Pareti looked up at him with open malice. “Aren’t you the smooth bastard, though? Sit out here in the water and laugh your ass off while the goo nibbles on some guy you never met before. What the hell do you do for amusement, roast cockroaches and listen to them scream?”
“Don’t blame me, Mr. Pareti,” the doctor said evenly. “You chose your line of work, not I. You were advised of the risks—”
“They said hardly anybody caught the goo disease, it was all in the small type on the contract,” Pareti burst in.
“—but you were advised of the risks,” Ball pressed on, “and you received hazard-bonus accordingly. You never complained during the three years that money was being poured into your account, you shouldn’t bellyache now. It’s rather unseemly. After all, you make approximately eight times my salary. That should buy you a lot of balm.”
“Yeah, I made the bonuses,” Pareti snarled, “and now I’m really earning it! The Company—”
‘The Company,” Ball said, with great care, “is absolutely free of responsibility. You should indeed have read all that tiny type. But you’re correct: you are earning the bonuses now. In effect you were paid to expose yourself to a rare disease. You were gambling with the Company’s money that you wouldn’t contract Ashton’s. You gambled, and unfortunately, seem to have lost.”
“Not that I’m getting any,” Pareti said archly, “but I’m not asking for your sympathy. I’m only asking for your professional advice, which you are paid—overpaid, in my estimation—to give. I want to know what I should do… and what I ought to expect.”
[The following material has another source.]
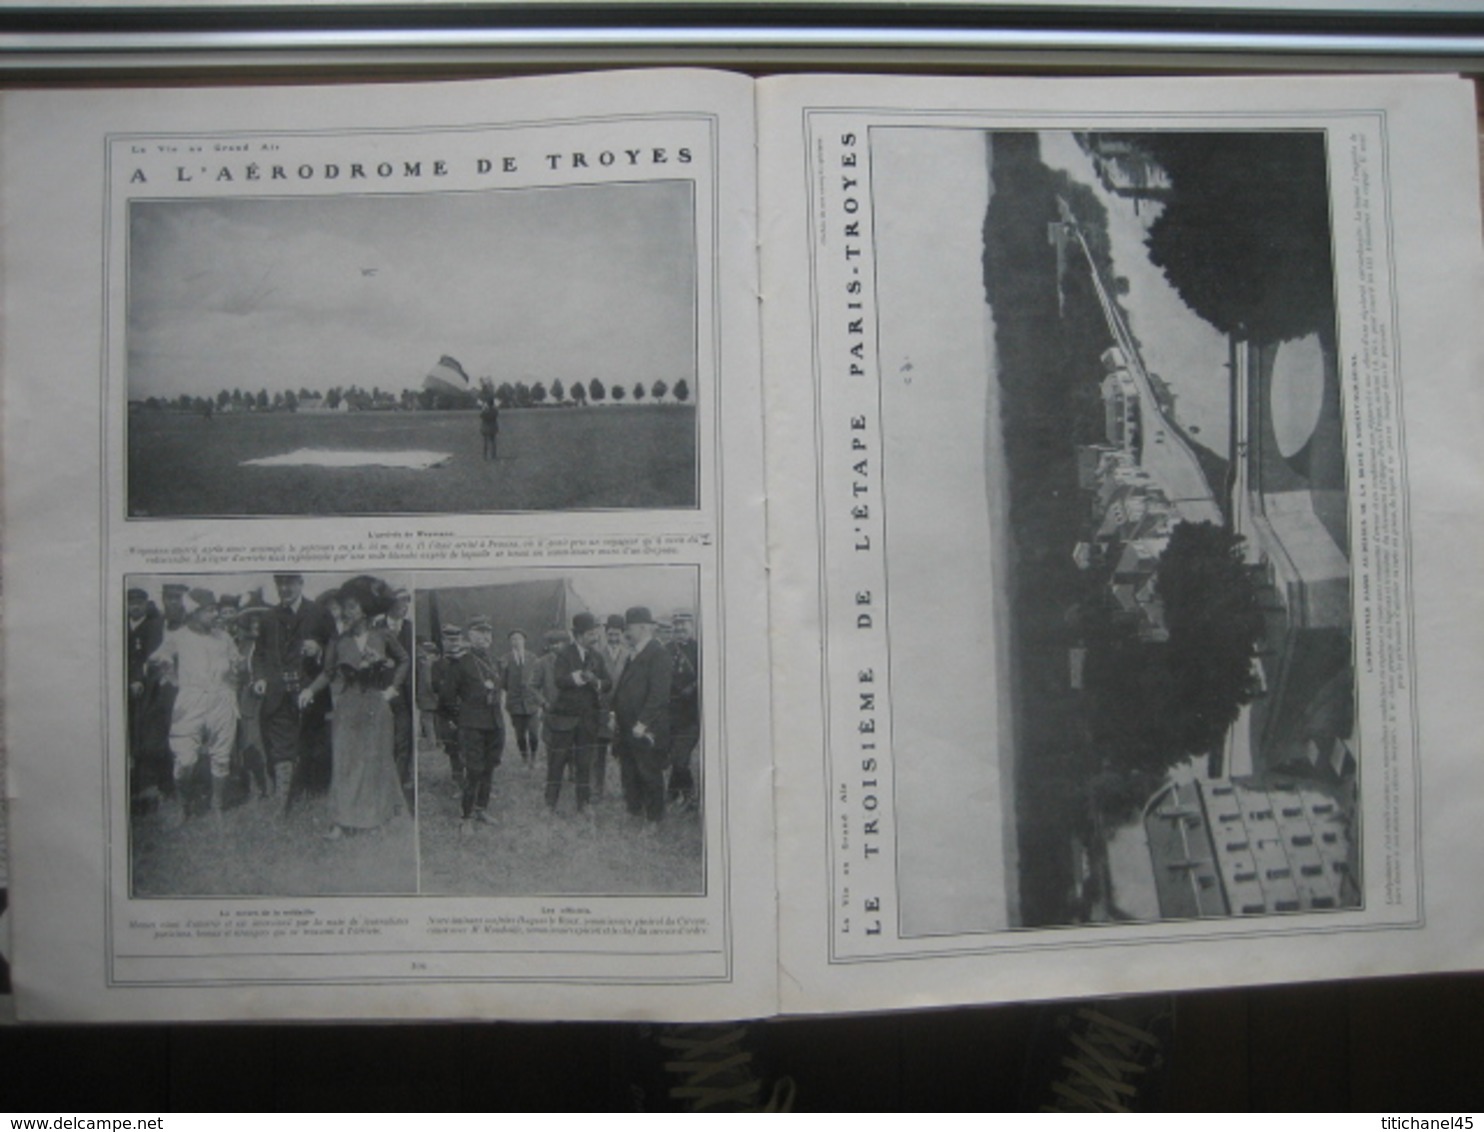 1910 AVIATION : CIRCUIT DE L'EST : TROYE-NANCY : LEBLANC-AUBRUN-LEGAGNEUX-LINDPAINTNER-BREGI-MAMET-WEYMAN-LATHAM

Ball shrugged. “Expect the unexpected, of course. You’re only the sixth, you know. There’s been no clear-cut pattern established. The disease is as unstable as its progenitor…the goo. The only pattern—and I would hesitate even to suggest that it was a pattern—”
“Stop waltzing with me, damn it! Spit it out!”
Ball pursed his lips. He might have pressed Pareti as far as he cared to press him. “The pattern, then, would appear to be this: a radical change of relationship occurs between the victim and the external world. These can be animate transformations, like the growth of external organs and functional gills; or inanimate transformations, like the victim who levitated.”
“What about the fourth case, the one who’s still alive and normal?”